**Supplied information:**
::::::
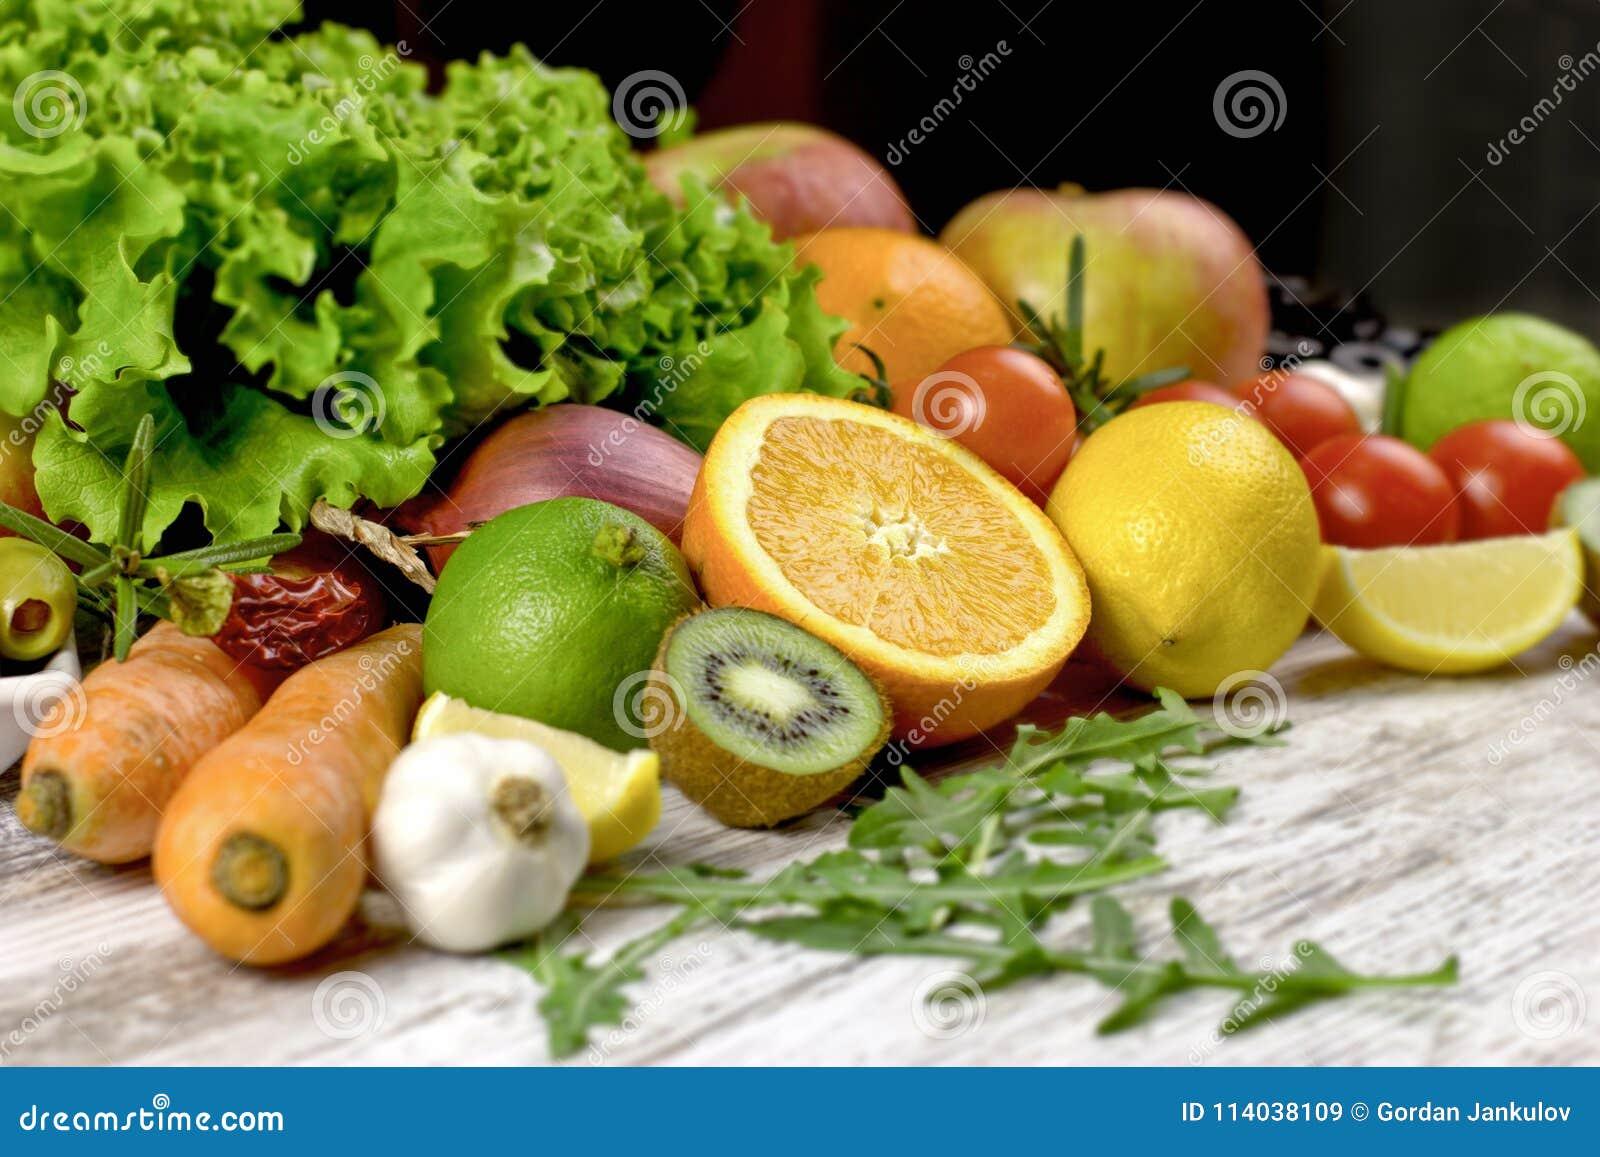 Gesunde Ernahrung Gesunde Diat Organisches Obst Und Gemuse
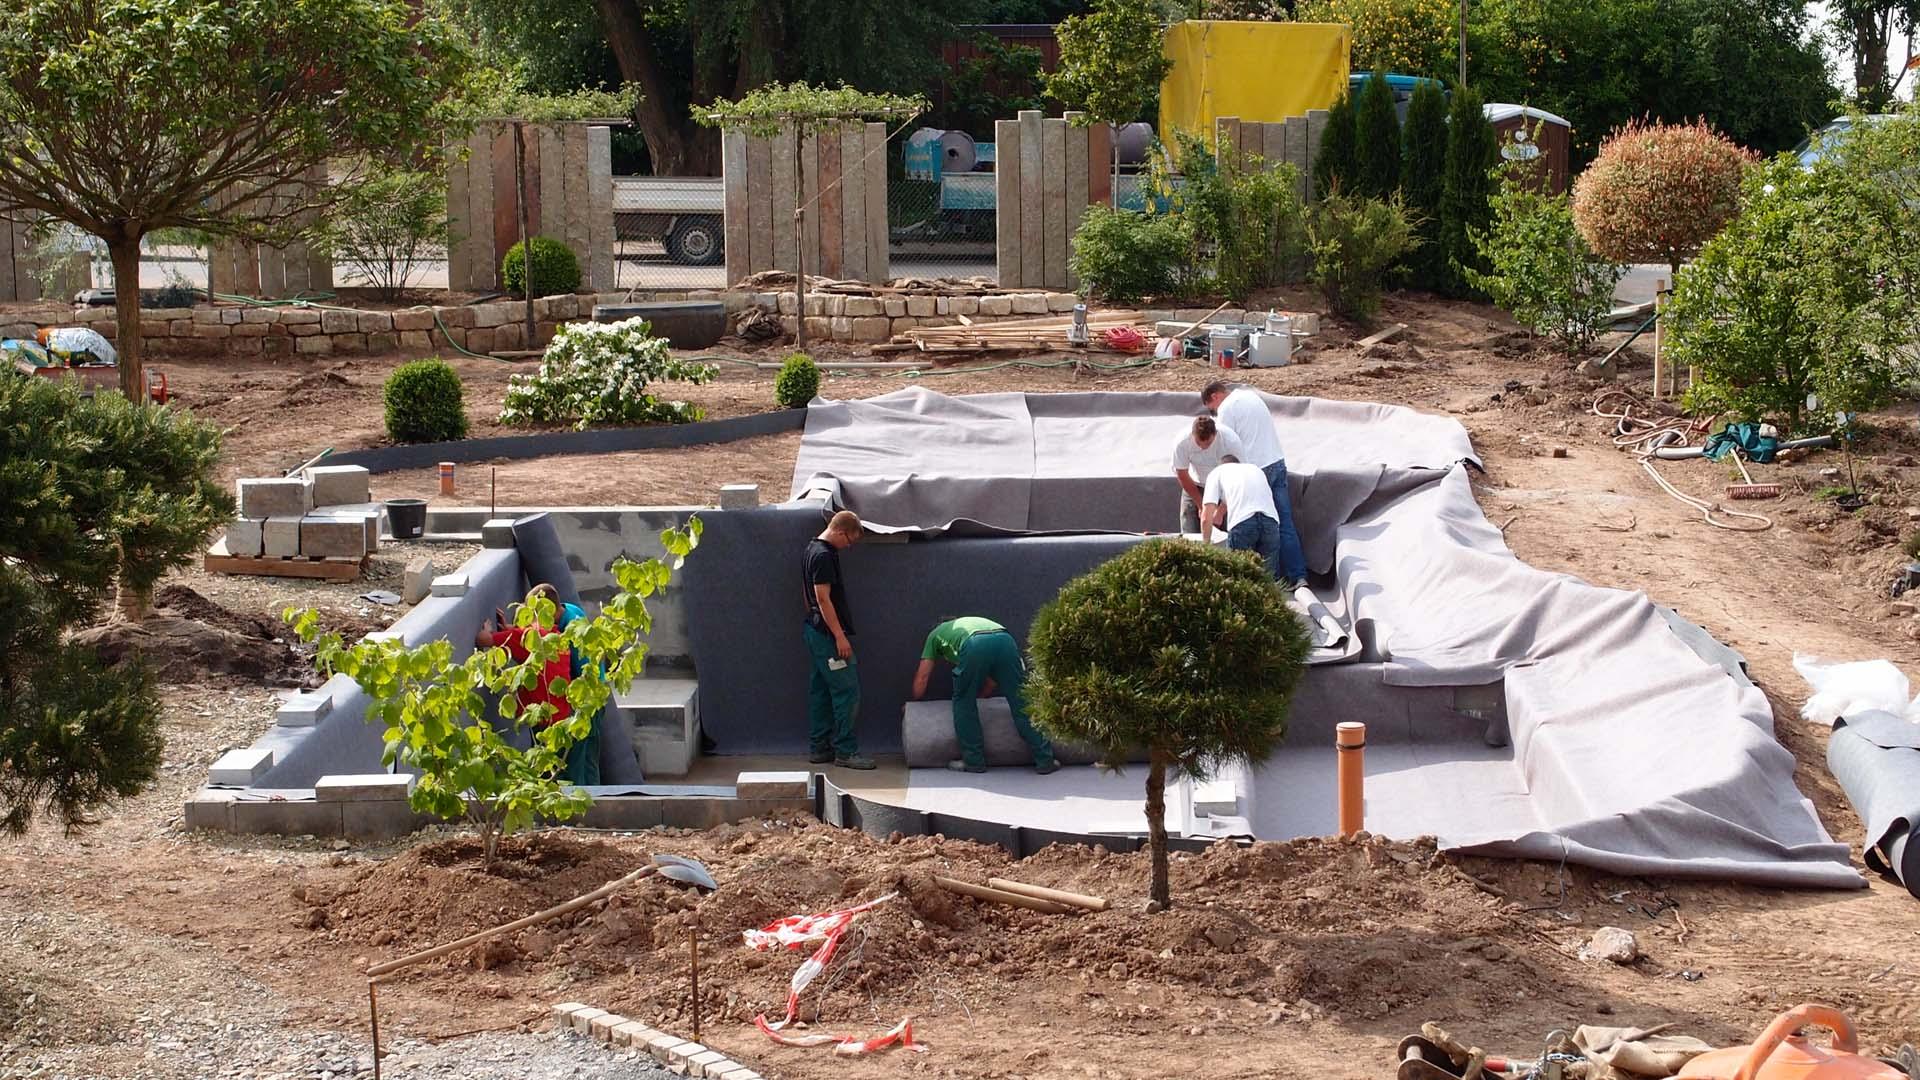 schwimmteich bauen schwimmteich selber bauen 13 m. Black Bedroom Furniture Sets. Home Design Ideas
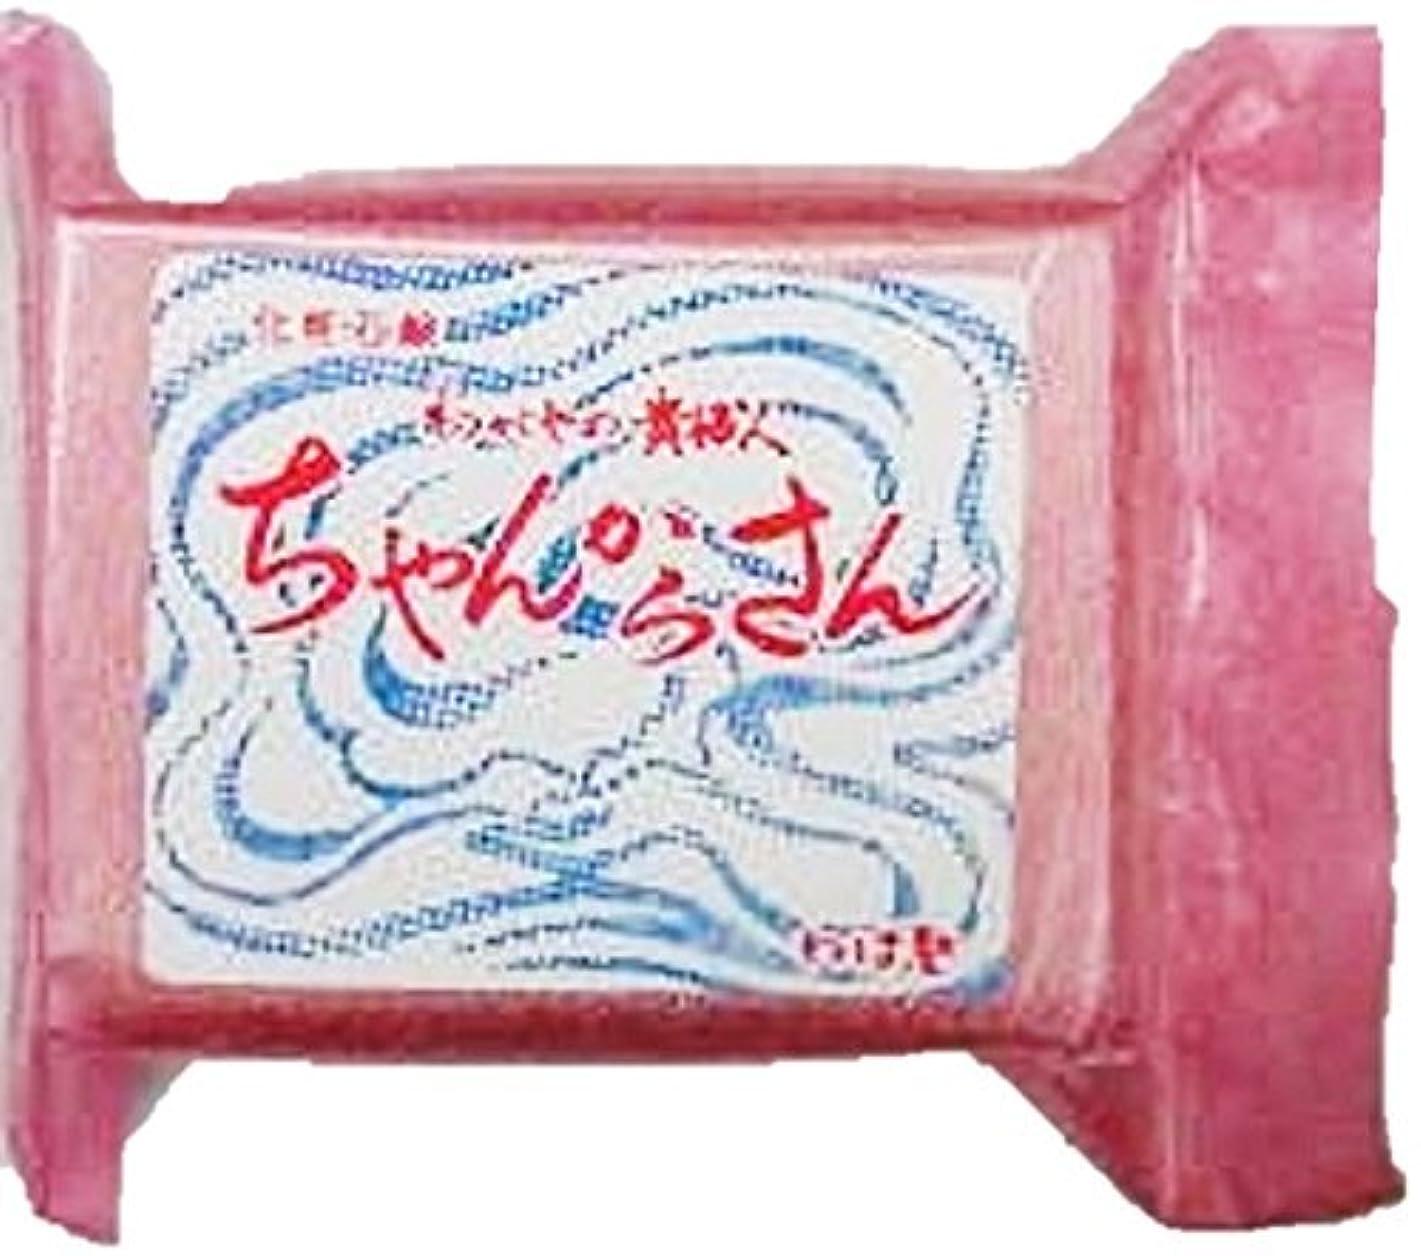 スティック地下室アクセスちゃんからさん 化粧石鹸 (95g)
::::::
**Task to carry out:**
Extract, word for word, every line from the one holding "schwimmteich bauen schwimmteich" through the closing line of the data above. Do not include any pictures.

**Response to this exercise:**
 schwimmteich bauen schwimmteich selber bauen 13 m. Black Bedroom Furniture Sets. Home Design Ideas
 スティック地下室アクセスちゃんからさん 化粧石鹸 (95g)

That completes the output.